Por: Carlos Rodriguez

Estados Unidos bombardeó territorio venezolano y capturó al presidente Nicolás Maduro y a su esposa. Donald Trump anunció que administrará el país durante una supuesta transición, en una ofensiva que viola el derecho internacional y deja decenas de víctimas.

Estados Unidos ejecutó un ataque directo contra Venezuela y concretó el secuestro del presidente Nicolás Maduro y de la primera dama, Cilia Flores, en una operación militar relámpago que duró menos de un minuto. La ofensiva incluyó la violación del espacio aéreo y territorial venezolano, el uso de misiles y tropas especiales, y dejó un saldo de víctimas fatales que, según medios estadounidenses, rondaría las cuarenta personas entre civiles y militares.

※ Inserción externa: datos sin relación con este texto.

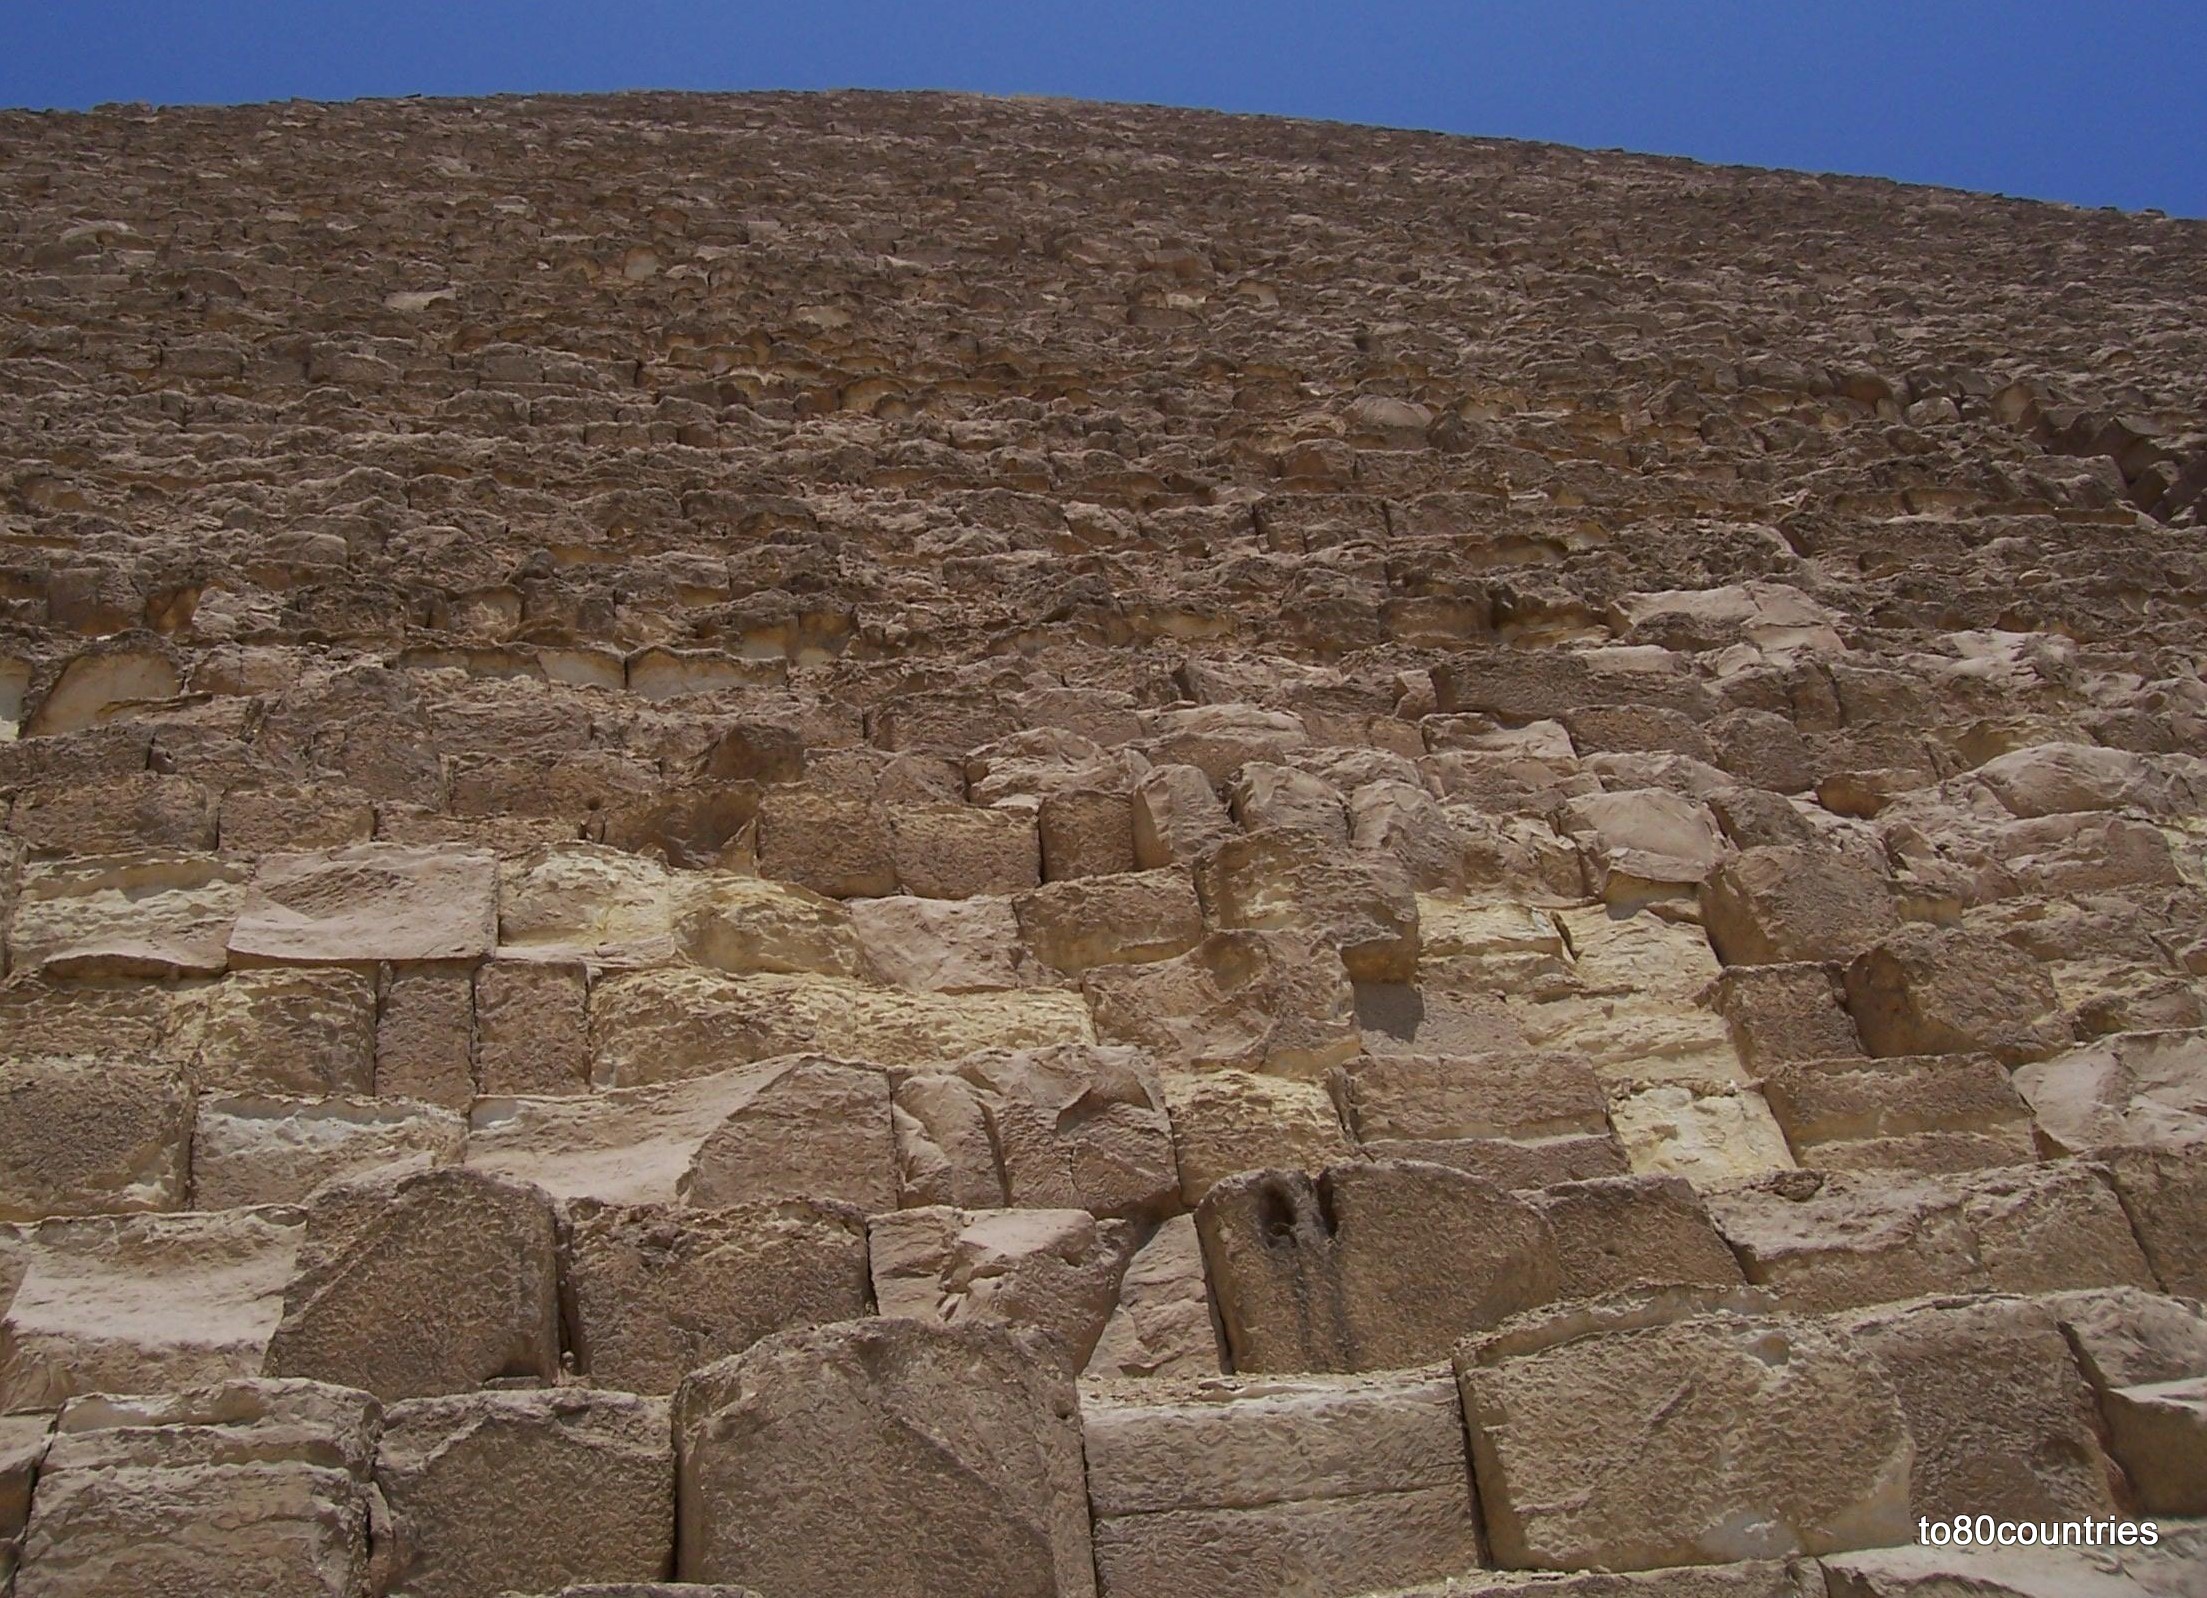 pyramide1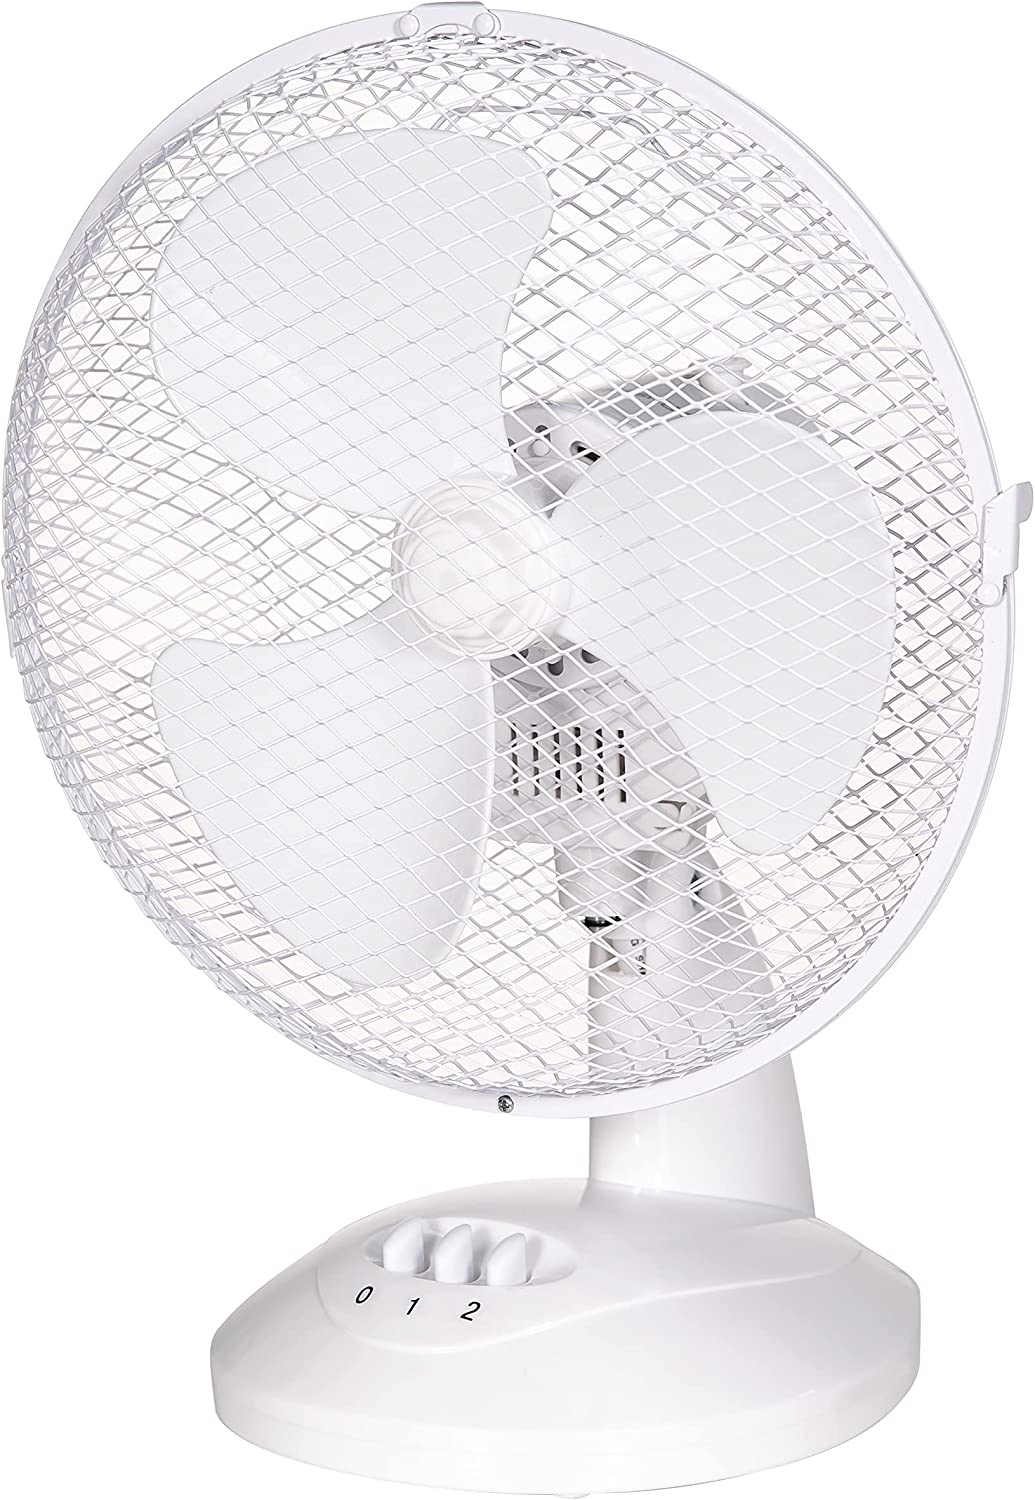 Dieser Ventilator ist ideal für die Sommermonate und kostet 12,99 £

El ataque se produjo durante la madrugada, cuando Caracas y otras zonas estratégicas del país fueron sacudidas por explosiones. Además de la capital, resultaron alcanzados el puerto de La Guaira, Fuerte Tiuna, la base aérea de La Carlota, el aeropuerto de Higuerote y la localidad de El Volcán, donde funciona una central de comunicaciones clave. Durante horas, amplios sectores quedaron sin electricidad mientras la población se despertaba en medio del estruendo de los bombardeos.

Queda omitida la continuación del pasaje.